We will use a number of R packages in this practical, which you can install as follows

Code
 install.packages("tableone")
 install.packages("MatchIt")
 install.packages("survey")

In this practical we will get some practice using some tools for causal effect estimation which have been inspired by the potential outcomes framework. To do this we will use data from Schafer and Kang (2008). We will reproduce only a small part of their analyses, but you can read up on even more ways to estimate causal effects from nonrandomized studies in their paper.

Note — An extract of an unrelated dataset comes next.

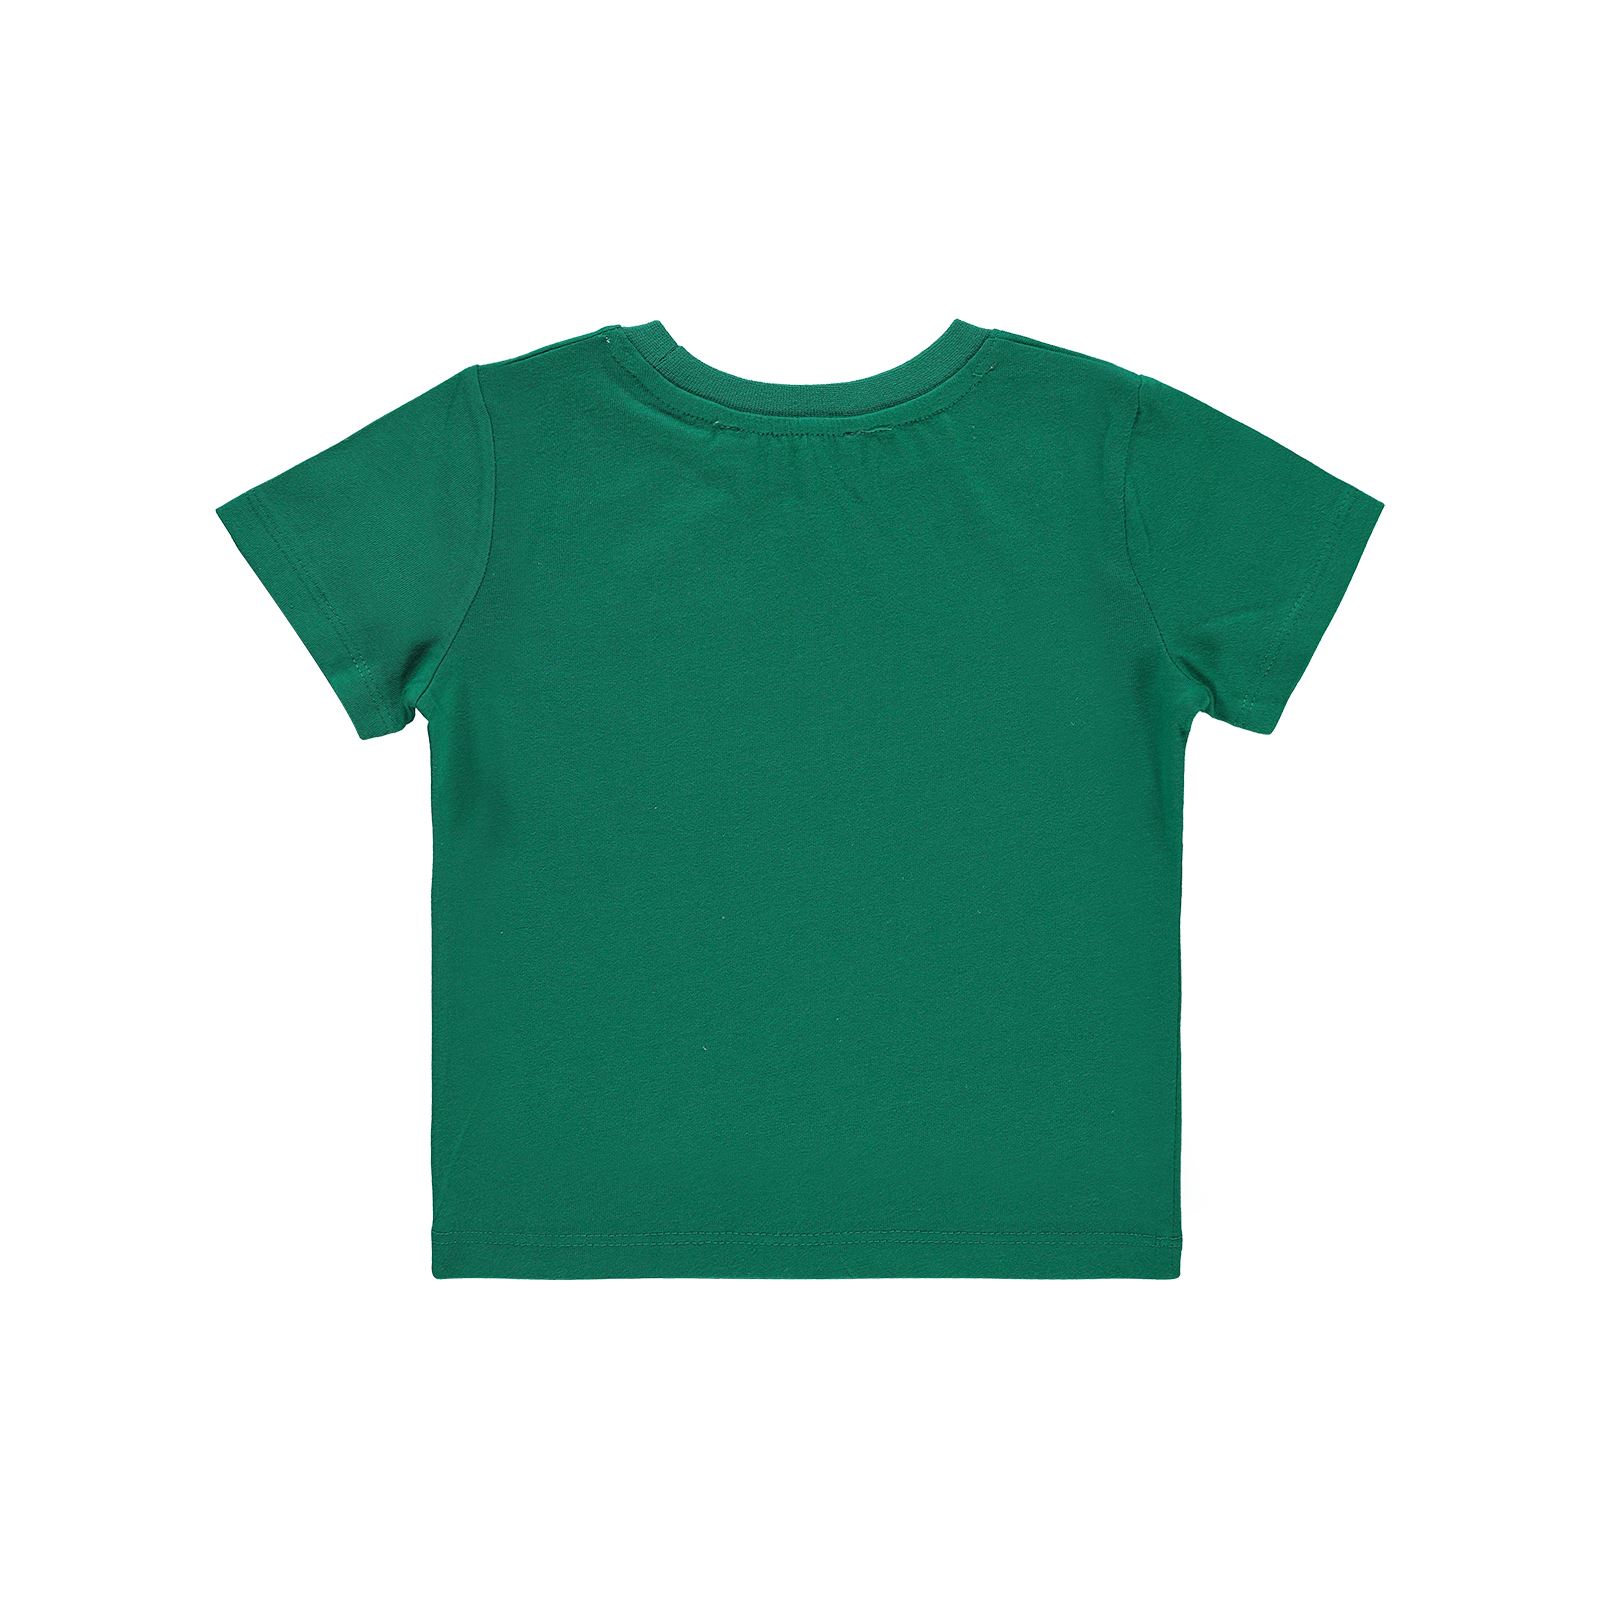 Small Socıety Erkek Çocuk Tişört 2-7 Yaş Koyu Yeşil

Schafer, J. L., and Kang, J. (2008). Average causal effects from nonrandomized studies: A practical guide and simulated example. Psychological methods, 13, 279-313. DOI: 10.1037/a0014268

Data and Research Question

The data are found in the datafile called SchaferKangData.dat which you can download from here. The dataset represents a (simulated) two-wave observational study on emotional distress and dieting behaviour in adolescent girls. Our research question is: What is the effect of dieting on emotional distress? We will apply several different methods we learned about in the lecture to answer this question. For null hypothesis tests, you can use a significance level of 0.05 throughout.

Exercise 1

Load and inspect the data. The outcome variable is DISTR.2 a continuous variable measuring emotional distress at the second measurement wave. The treatment variable is DIET, a binary variable indicating the presence or absence of a specified dieting behaviour at wave I. All other variables should be considered measurements of covariates at wave 1.

Code
df <- read.table("SchaferKangData.dat", header=T)
head(df)

Checking Covariate Balance

The “naive” difference between those who did and did not diet would only be a valid estimate of the causal effect only under the assumption of exchangeability (i.e. no confounding). We know already that this is not a reasonable assumption based on the design of the study from which this data originates.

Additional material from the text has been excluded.